I need to do that with a recursive function in Python.
I already created a code that does: "find the index of the first occurence of a number in list". And it works.
def index(lst, number_find):
if lst == []:
return None
elif lst[0] == number_find:
return 0
else:
return 1 + index(lst[1:], number_find)
liste = range(51)
print(index(liste, 42))
But I can't write the code that manages the case if the number is not in list. I have done that:
def index(lst, number_find):
if number_find not in lst:
return None
elif lst == []:
return None
elif lst[0] == number_find:
return 0
else:
return 1 + index(lst[1:], number_find)
liste = range(51)
print(index(liste, 42))
But the use of "not in" is not good here for me because that seems to use some iterative code that I can't use.
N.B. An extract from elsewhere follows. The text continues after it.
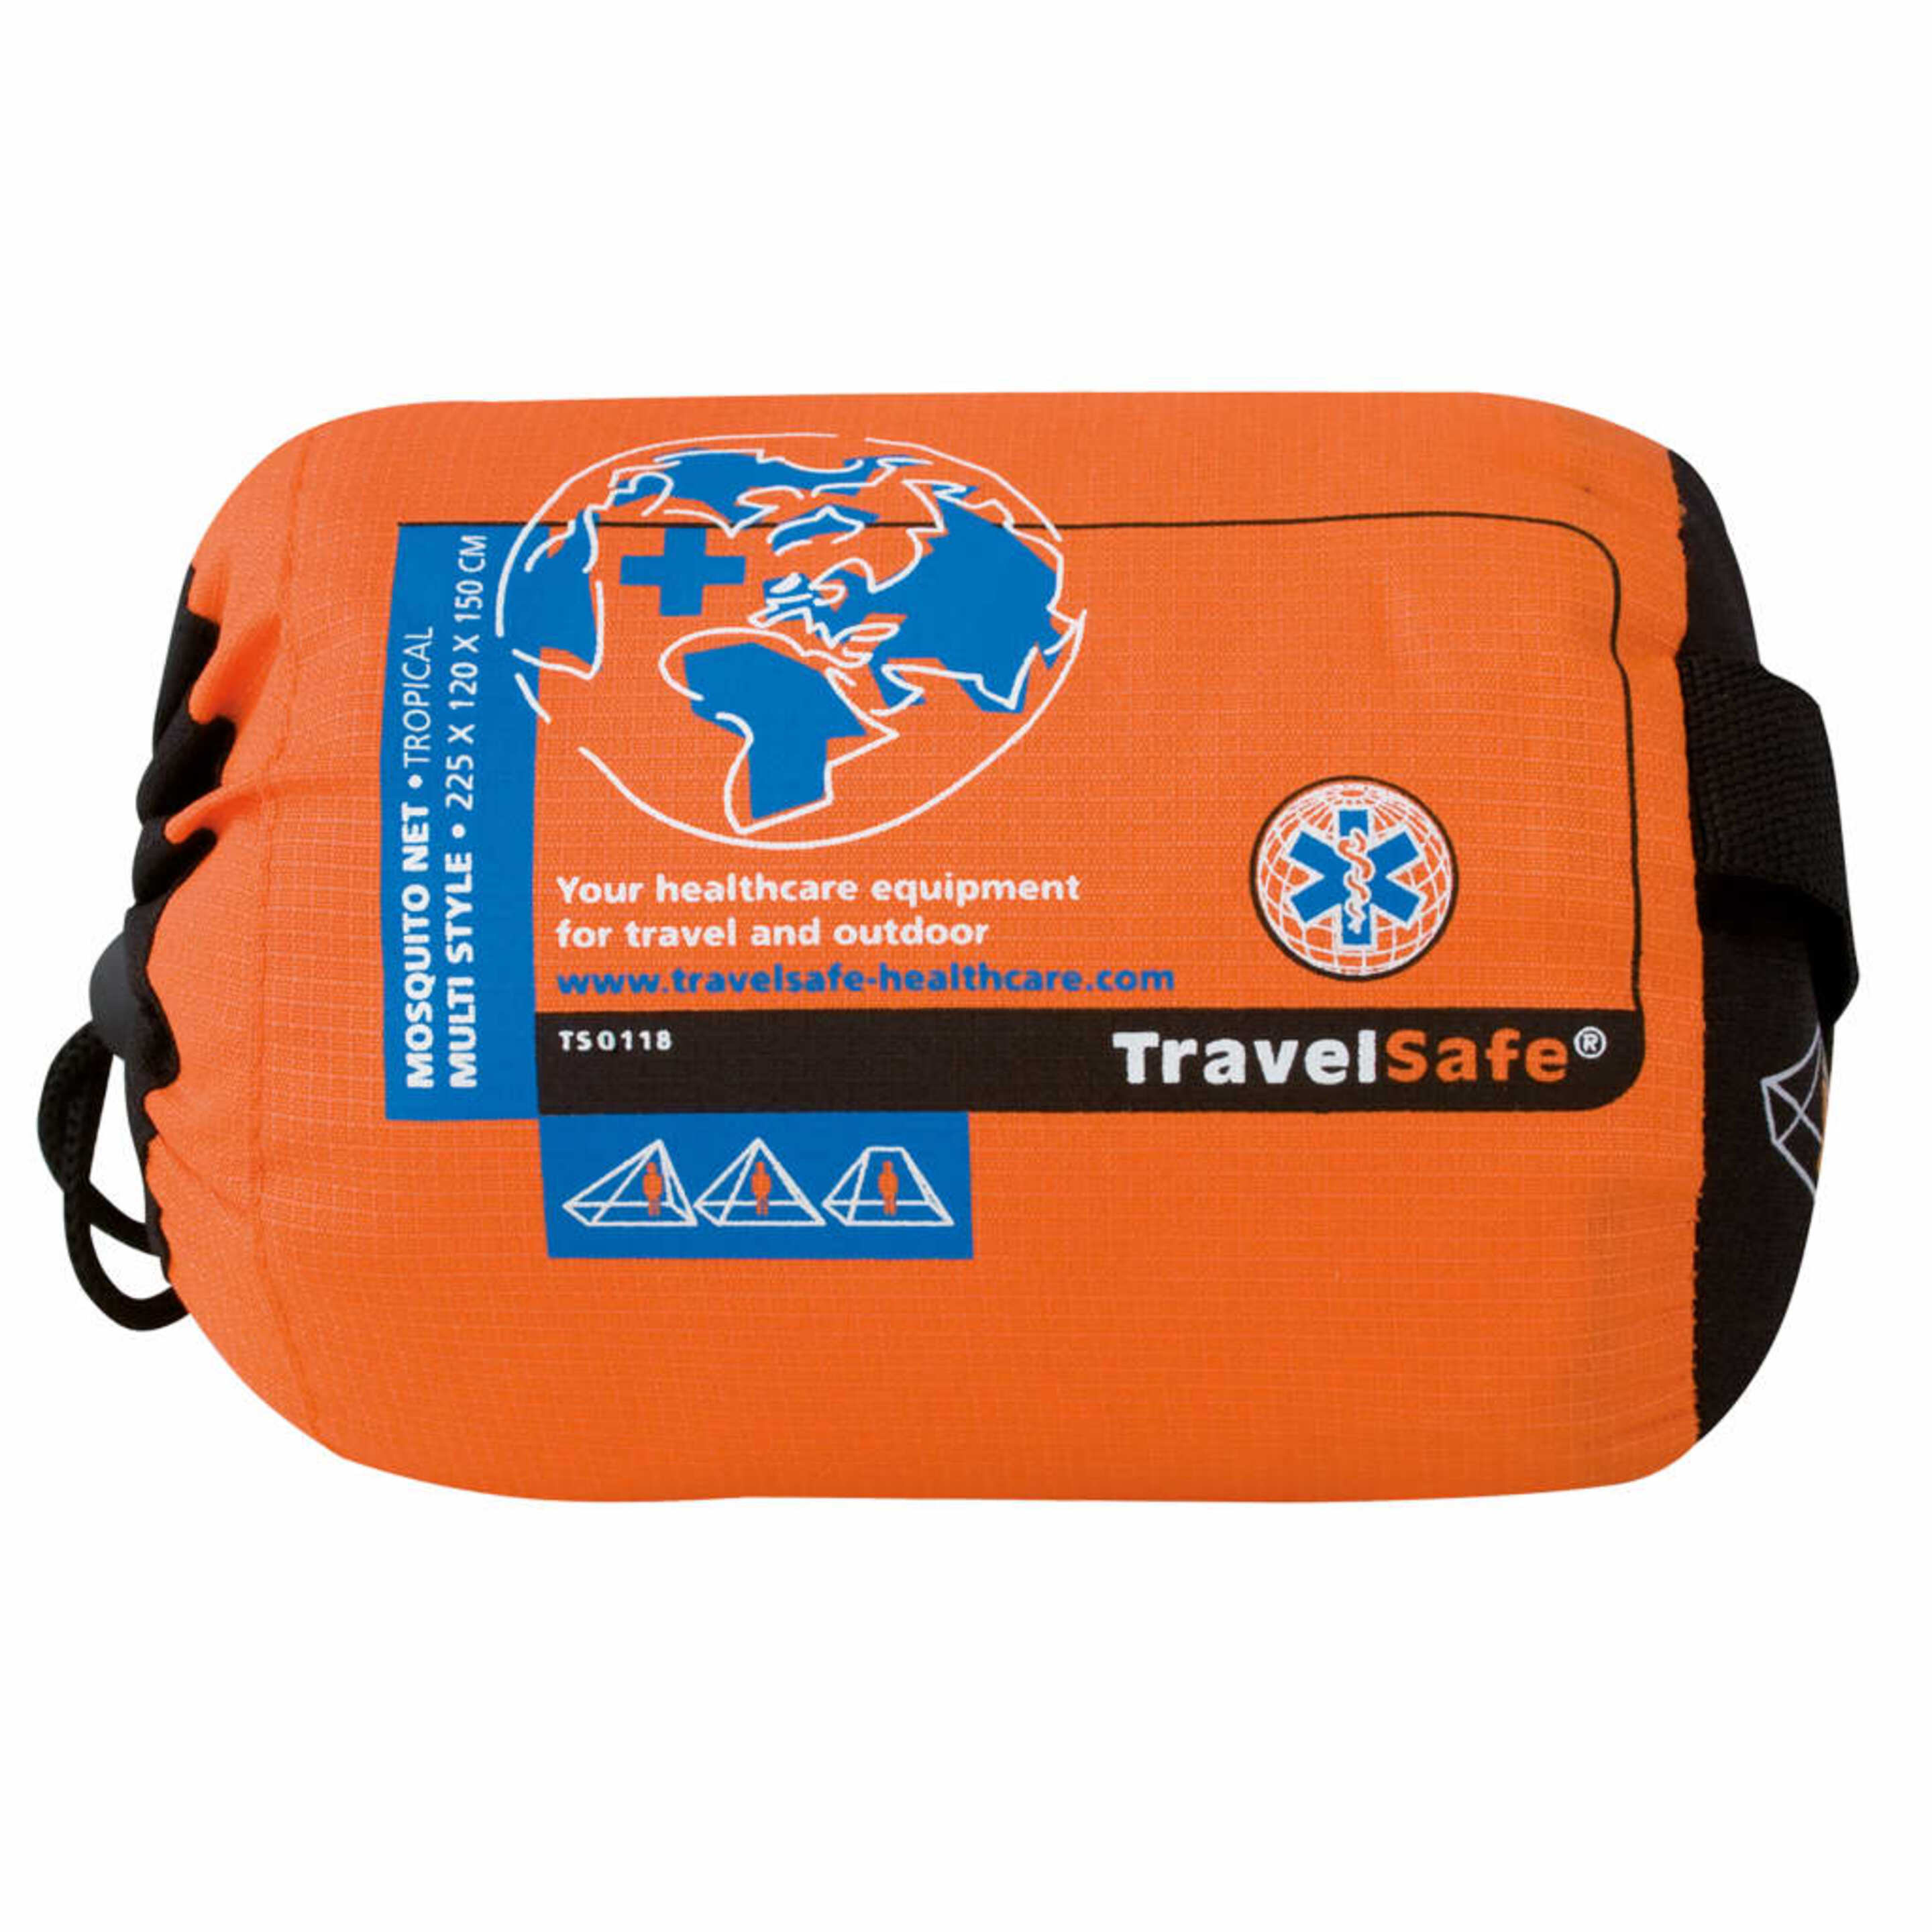 Travelsafe Mosquitera Tropical Muli Style 1 Persona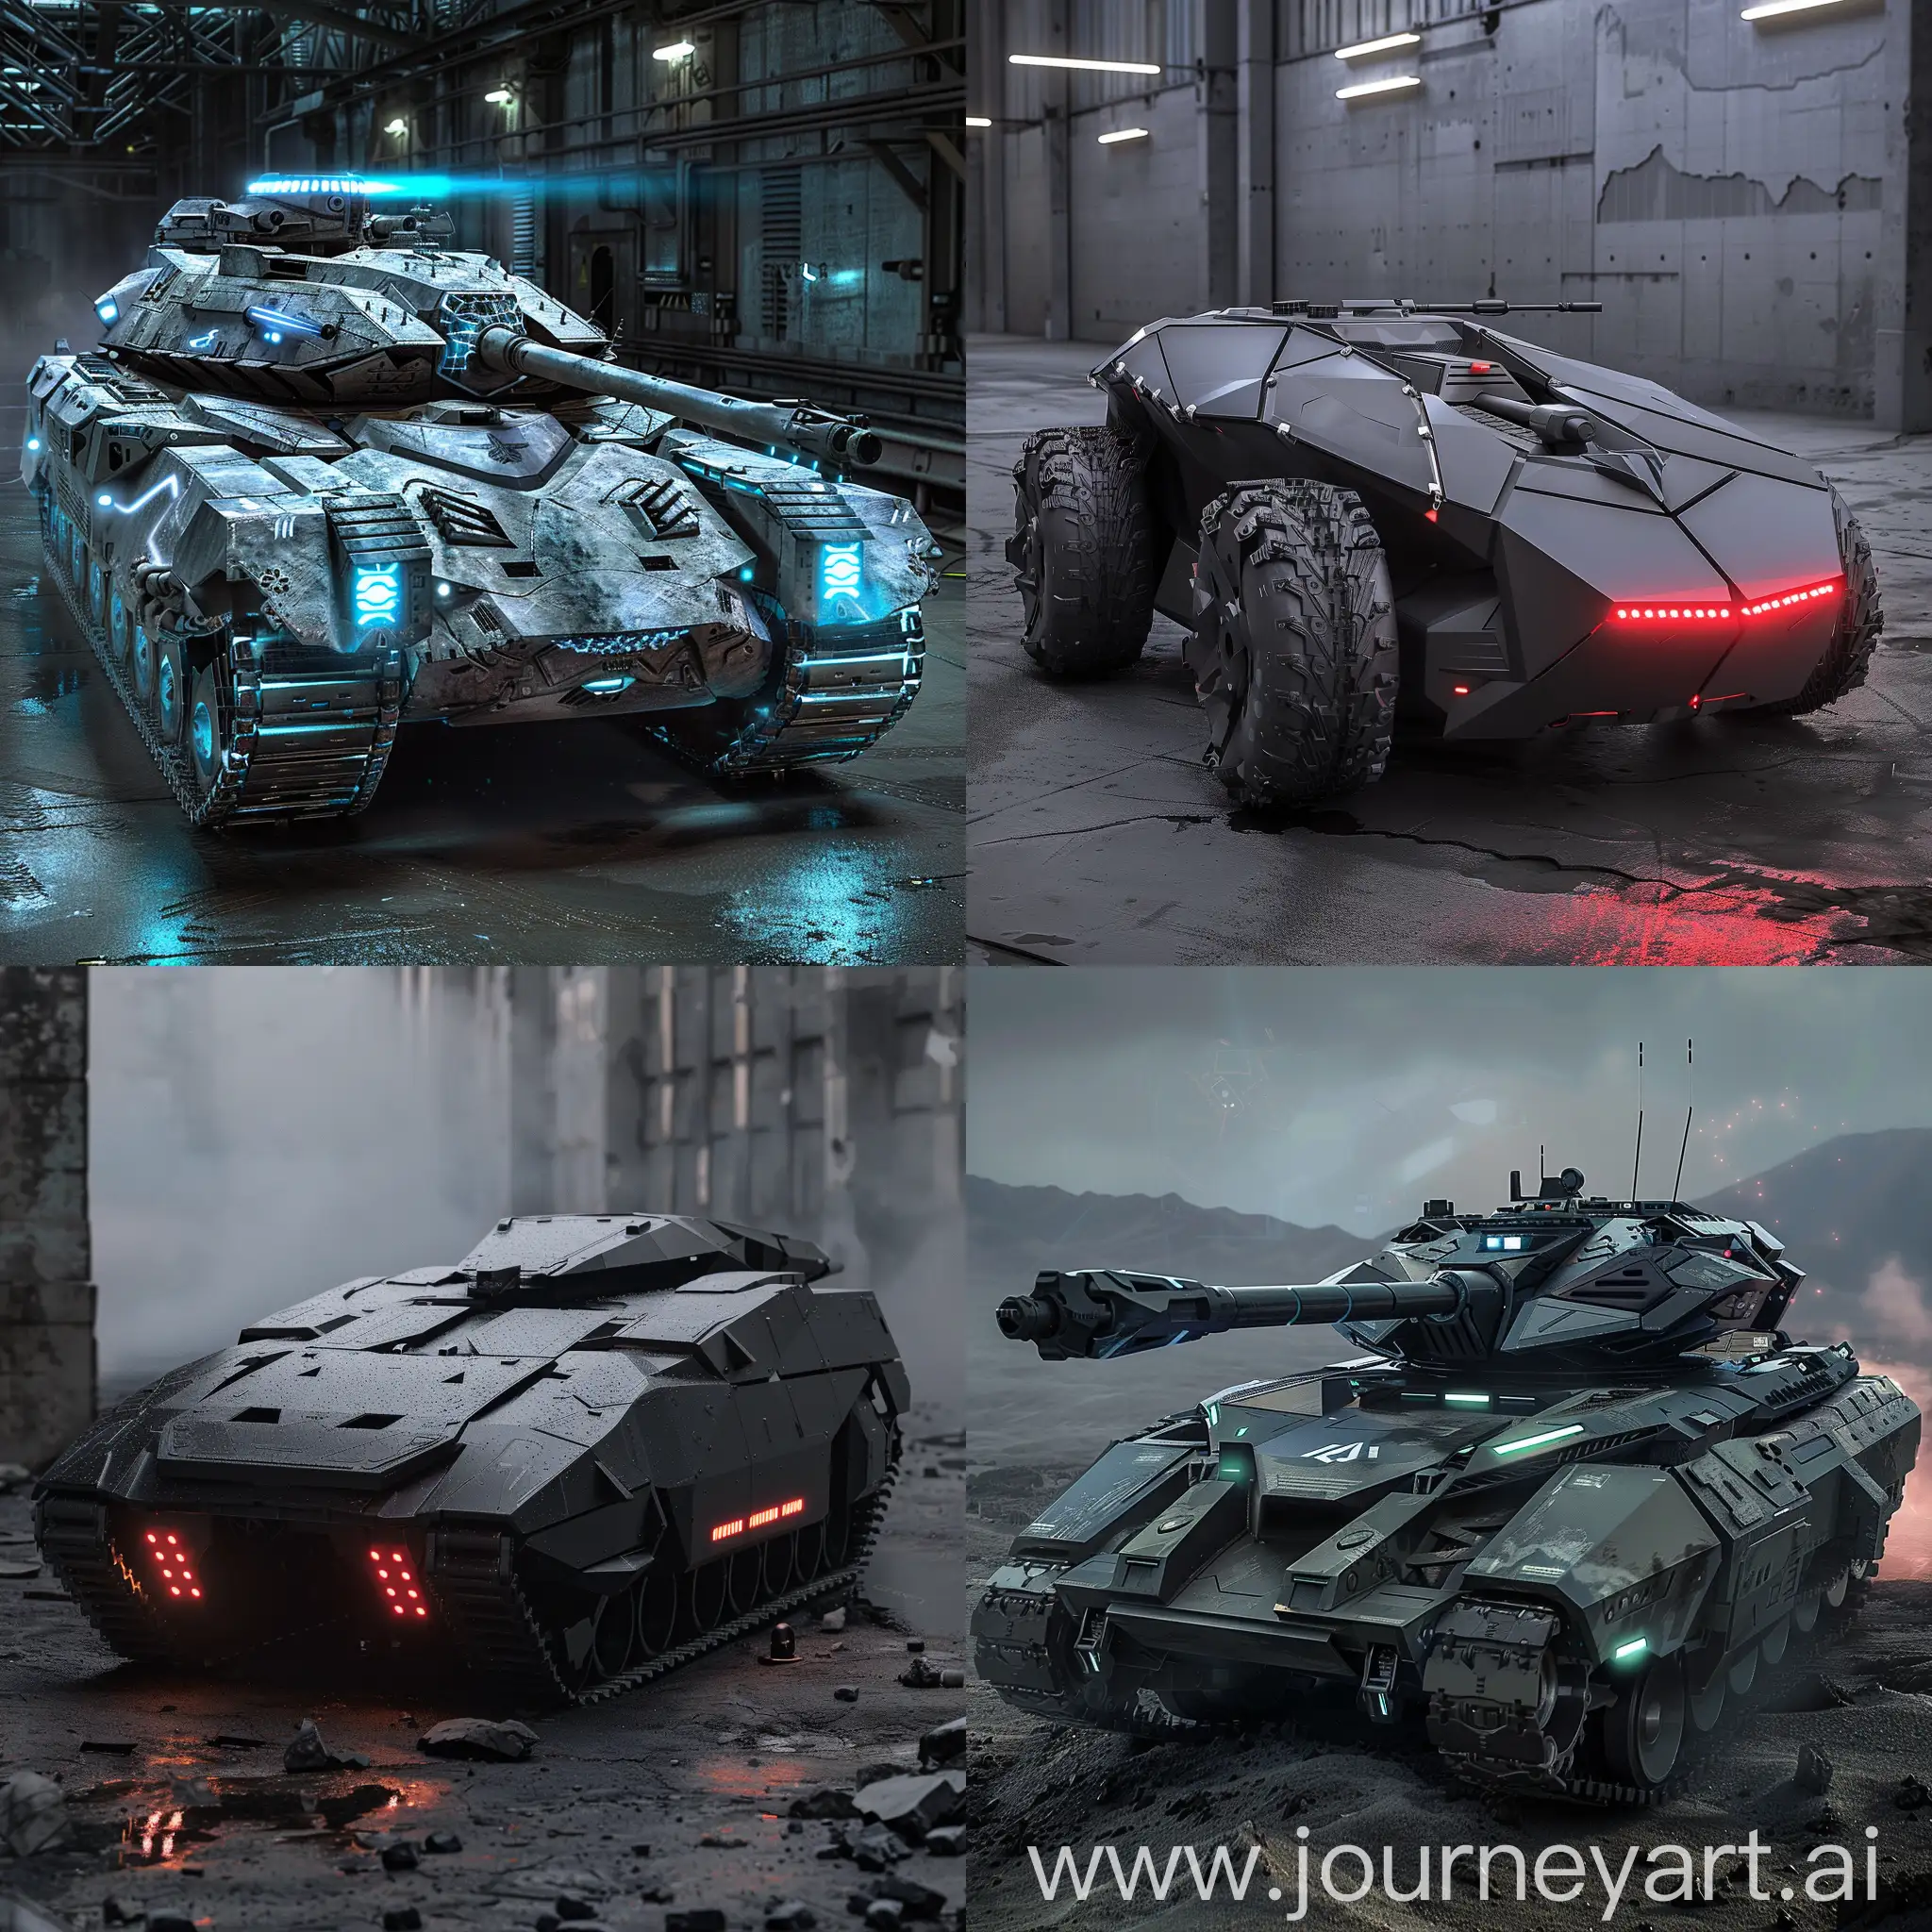 Advanced-Futuristic-Tank-with-Morphing-Reactive-Armor-and-QuantumShielded-Engine

You have to protect against the case where None comes back from the recursive call, because 1 + None will raise a TypeError:
def index(lst, number_find):
if lst == []:
return None
elif lst[0] == number_find:
return 0
else:
i = index(lst[1:], number_find)
if i is not None:
return 1 + i
return None # not strictly necessary as None returned implicity
Of course, when you return from every if-block, you can omit any else. Also, None is the default return value, so you can shorten your logic
def index(lst, number_find):
if lst:
if lst[0] == number_find:
return 0
if (i := index(lst[1:], number_find)) is not None:
return 1 + i
Btw, since slicing is O(N) here, all these approaches are quadratic. So here is a solution that has linear complexity:
def index(lst, number_find):
def rec(it, i=0):
if (n := next(it, None)) is not None:
return i if n == number_find else rec(it, i+1)
return rec(iter(lst))